## Instructions to follow
Find every line below that contains the word "Photo" and copy it out.

## Listed entries
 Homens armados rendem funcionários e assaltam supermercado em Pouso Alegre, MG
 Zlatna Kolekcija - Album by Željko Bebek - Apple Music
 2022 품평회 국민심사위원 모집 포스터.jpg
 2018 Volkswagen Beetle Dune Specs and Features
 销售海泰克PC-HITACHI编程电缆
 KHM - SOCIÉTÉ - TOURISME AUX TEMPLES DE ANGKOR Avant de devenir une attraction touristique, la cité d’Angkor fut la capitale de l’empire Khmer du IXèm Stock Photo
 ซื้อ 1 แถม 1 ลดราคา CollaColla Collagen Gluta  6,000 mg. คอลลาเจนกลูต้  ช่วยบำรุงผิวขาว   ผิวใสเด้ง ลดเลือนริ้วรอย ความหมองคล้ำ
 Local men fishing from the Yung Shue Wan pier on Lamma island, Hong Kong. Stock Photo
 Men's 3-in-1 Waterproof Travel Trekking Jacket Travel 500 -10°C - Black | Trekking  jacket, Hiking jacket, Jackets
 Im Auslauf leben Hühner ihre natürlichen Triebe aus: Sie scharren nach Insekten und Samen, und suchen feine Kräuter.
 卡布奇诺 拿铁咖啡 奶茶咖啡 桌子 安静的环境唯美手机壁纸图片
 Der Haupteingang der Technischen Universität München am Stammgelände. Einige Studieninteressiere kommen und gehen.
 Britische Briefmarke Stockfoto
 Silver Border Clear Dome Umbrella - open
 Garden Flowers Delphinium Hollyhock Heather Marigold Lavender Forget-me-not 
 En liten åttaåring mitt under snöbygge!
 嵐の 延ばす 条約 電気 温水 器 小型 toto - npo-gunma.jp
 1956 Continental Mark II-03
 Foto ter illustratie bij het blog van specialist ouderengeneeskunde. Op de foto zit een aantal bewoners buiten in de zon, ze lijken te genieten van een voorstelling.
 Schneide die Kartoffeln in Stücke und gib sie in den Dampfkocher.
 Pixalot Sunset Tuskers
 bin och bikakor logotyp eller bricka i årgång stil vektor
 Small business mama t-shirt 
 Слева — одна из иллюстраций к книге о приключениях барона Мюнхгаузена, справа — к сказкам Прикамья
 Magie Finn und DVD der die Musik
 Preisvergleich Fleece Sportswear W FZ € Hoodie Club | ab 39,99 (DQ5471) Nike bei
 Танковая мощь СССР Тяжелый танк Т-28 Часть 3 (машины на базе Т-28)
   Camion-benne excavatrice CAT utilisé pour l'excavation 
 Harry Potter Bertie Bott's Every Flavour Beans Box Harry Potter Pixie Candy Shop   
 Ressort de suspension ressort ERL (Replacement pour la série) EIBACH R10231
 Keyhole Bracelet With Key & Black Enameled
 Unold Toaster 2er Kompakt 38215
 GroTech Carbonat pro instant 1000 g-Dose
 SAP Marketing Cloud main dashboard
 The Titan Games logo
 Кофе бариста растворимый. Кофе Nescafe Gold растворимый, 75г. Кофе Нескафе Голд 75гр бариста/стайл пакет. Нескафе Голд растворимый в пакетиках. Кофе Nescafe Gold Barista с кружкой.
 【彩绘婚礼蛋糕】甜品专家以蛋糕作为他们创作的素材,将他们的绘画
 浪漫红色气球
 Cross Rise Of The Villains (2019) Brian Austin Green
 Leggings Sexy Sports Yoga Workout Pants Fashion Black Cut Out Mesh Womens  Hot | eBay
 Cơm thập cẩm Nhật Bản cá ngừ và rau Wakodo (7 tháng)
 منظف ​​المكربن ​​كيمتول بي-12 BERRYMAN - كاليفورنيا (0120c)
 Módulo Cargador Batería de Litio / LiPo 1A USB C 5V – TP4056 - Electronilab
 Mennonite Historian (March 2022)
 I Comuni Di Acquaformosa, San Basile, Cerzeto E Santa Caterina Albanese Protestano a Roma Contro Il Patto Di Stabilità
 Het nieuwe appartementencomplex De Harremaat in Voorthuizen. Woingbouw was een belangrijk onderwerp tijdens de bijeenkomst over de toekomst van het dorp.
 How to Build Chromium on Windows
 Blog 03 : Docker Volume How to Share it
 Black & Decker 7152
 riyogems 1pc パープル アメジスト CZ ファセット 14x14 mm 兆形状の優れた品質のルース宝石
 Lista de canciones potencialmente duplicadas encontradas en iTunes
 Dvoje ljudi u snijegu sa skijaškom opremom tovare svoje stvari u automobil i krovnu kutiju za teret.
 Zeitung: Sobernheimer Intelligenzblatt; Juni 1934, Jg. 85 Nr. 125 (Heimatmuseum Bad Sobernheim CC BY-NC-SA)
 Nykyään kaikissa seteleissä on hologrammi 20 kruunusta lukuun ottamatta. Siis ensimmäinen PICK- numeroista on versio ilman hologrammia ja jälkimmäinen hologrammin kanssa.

## Task output
 KHM - SOCIÉTÉ - TOURISME AUX TEMPLES DE ANGKOR Avant de devenir une attraction touristique, la cité d’Angkor fut la capitale de l’empire Khmer du IXèm Stock Photo
 Local men fishing from the Yung Shue Wan pier on Lamma island, Hong Kong. Stock Photo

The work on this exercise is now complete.